Problem: Each line of the data below from the one holding "- Full Years" to the one holding "Shy Heart Necklace", inclusive, is to be reproduced exactly; no other line belongs in the answer.

Data extracts:
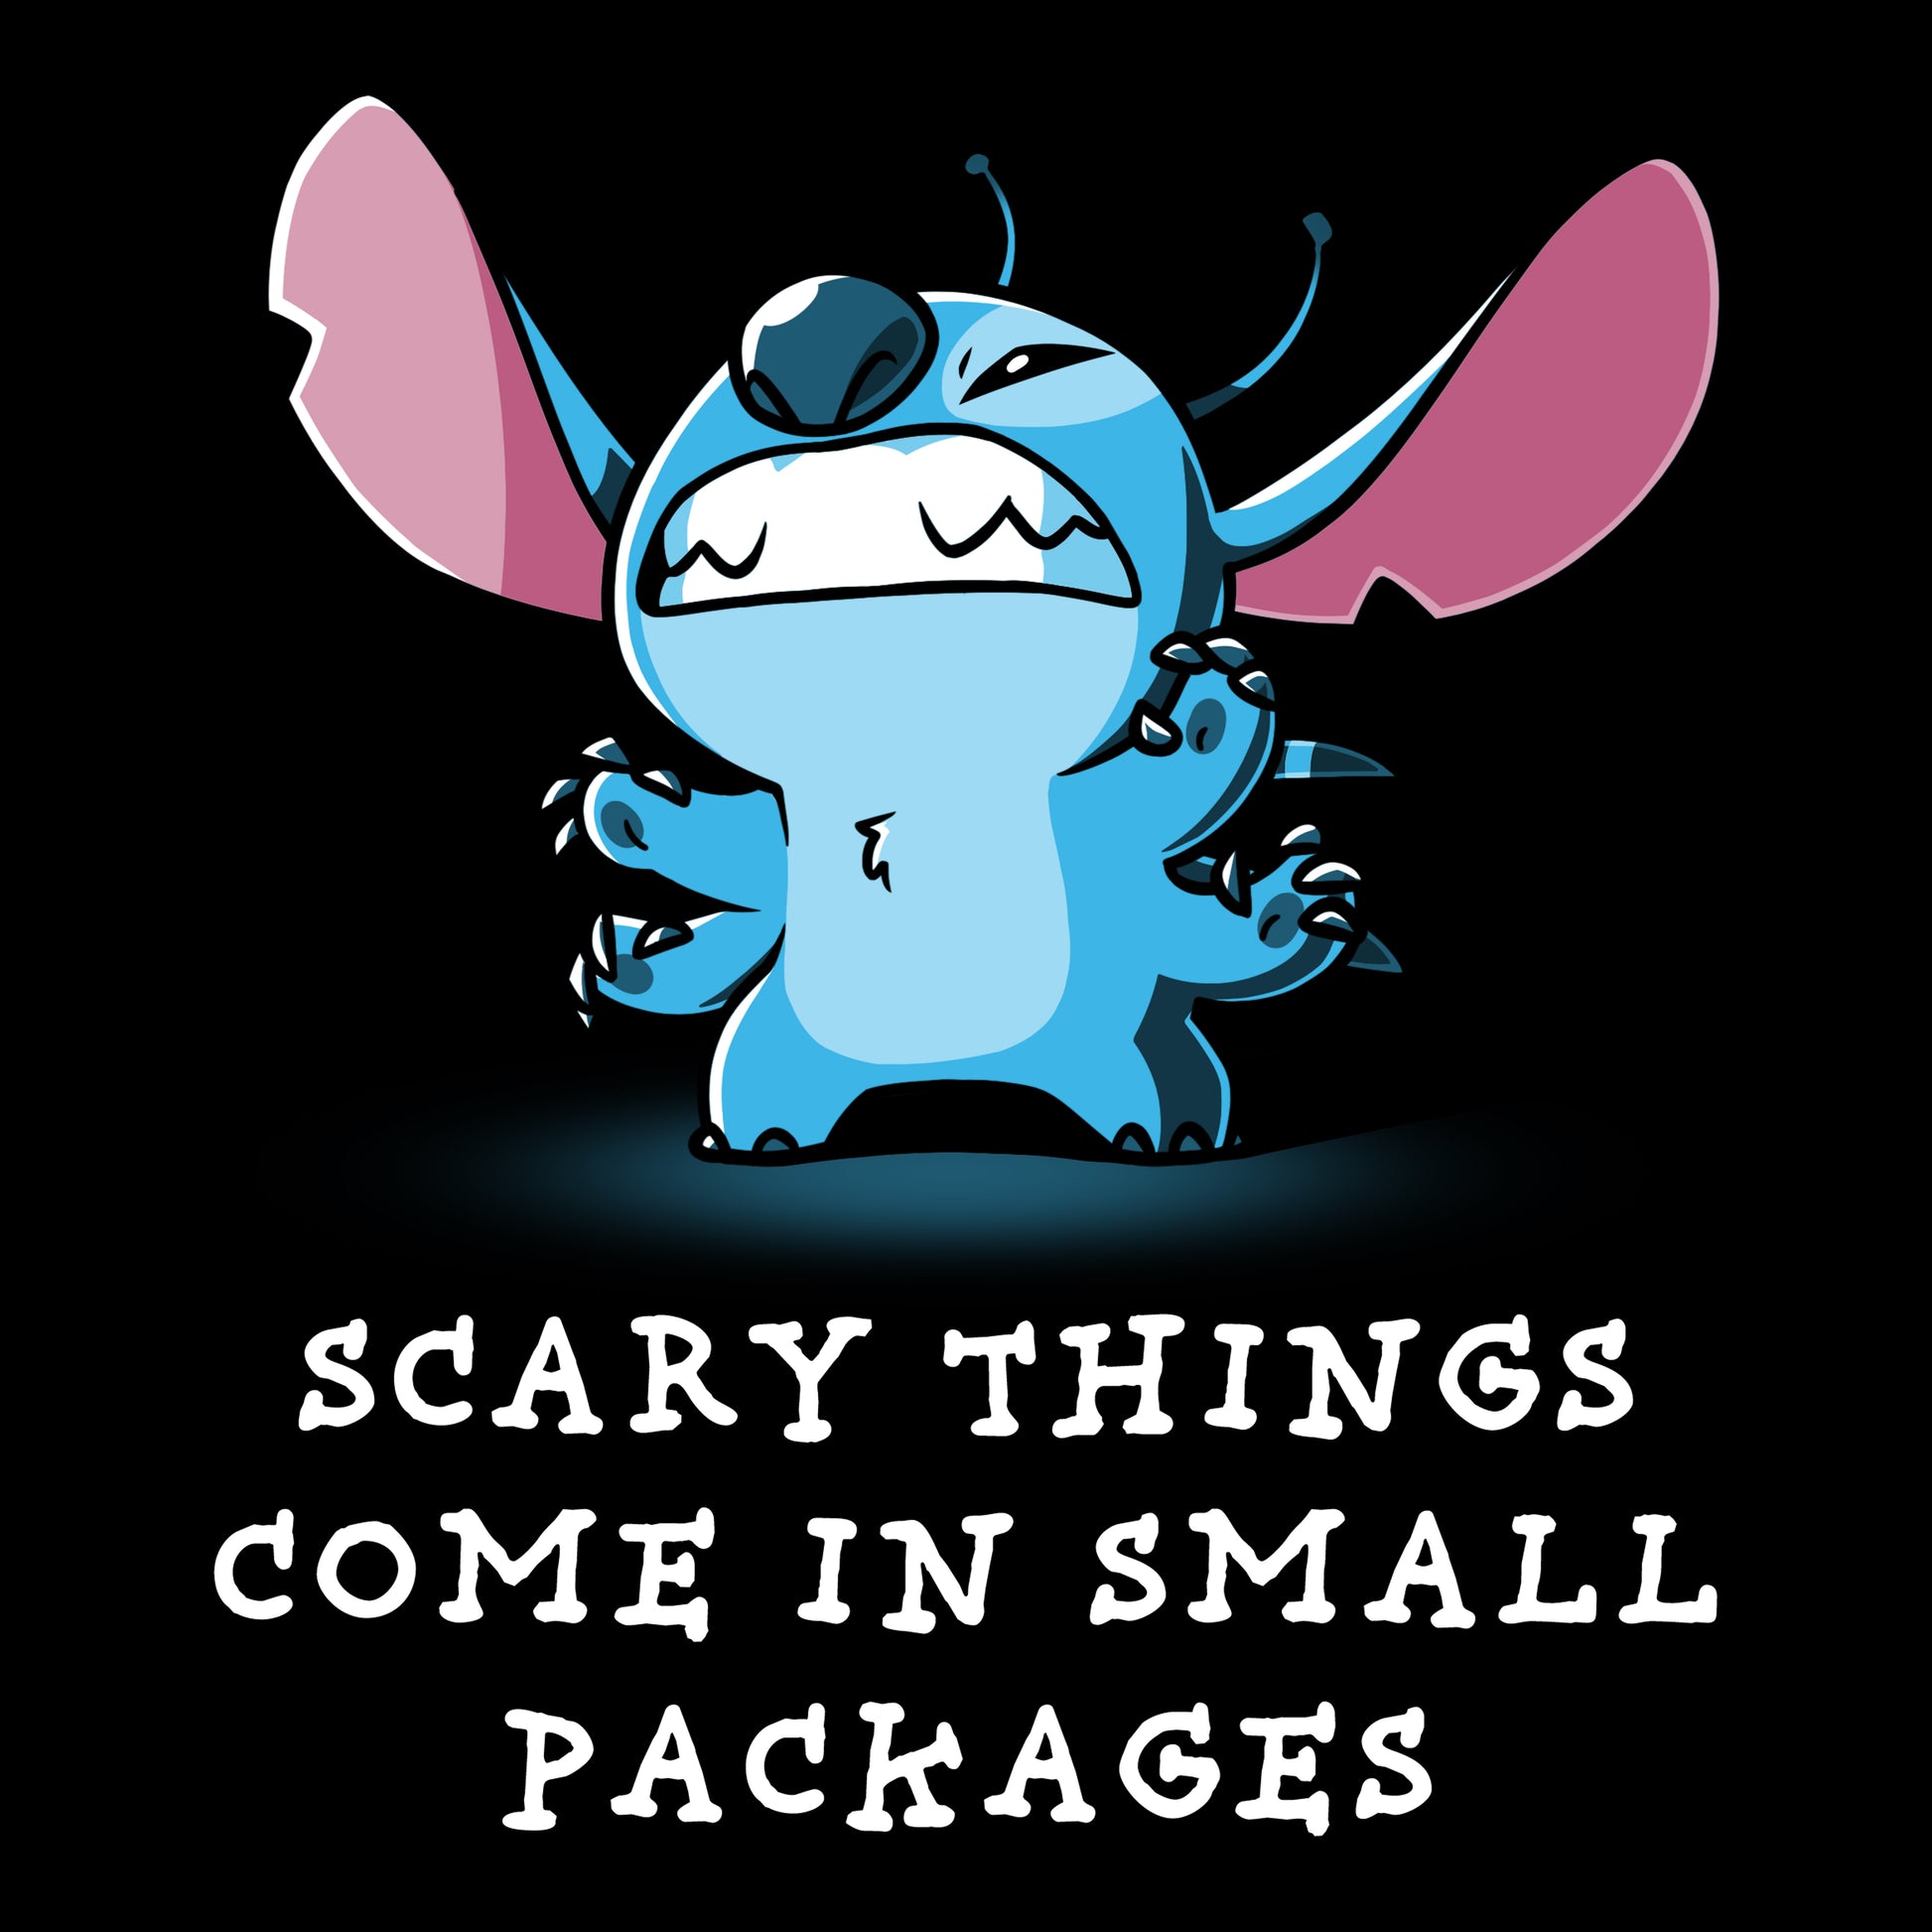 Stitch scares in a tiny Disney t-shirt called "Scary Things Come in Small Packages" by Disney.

...

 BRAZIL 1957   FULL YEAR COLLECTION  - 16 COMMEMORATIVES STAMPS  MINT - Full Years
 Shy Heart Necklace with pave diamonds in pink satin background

Answer to the problem:
 BRAZIL 1957   FULL YEAR COLLECTION  - 16 COMMEMORATIVES STAMPS  MINT - Full Years
 Shy Heart Necklace with pave diamonds in pink satin background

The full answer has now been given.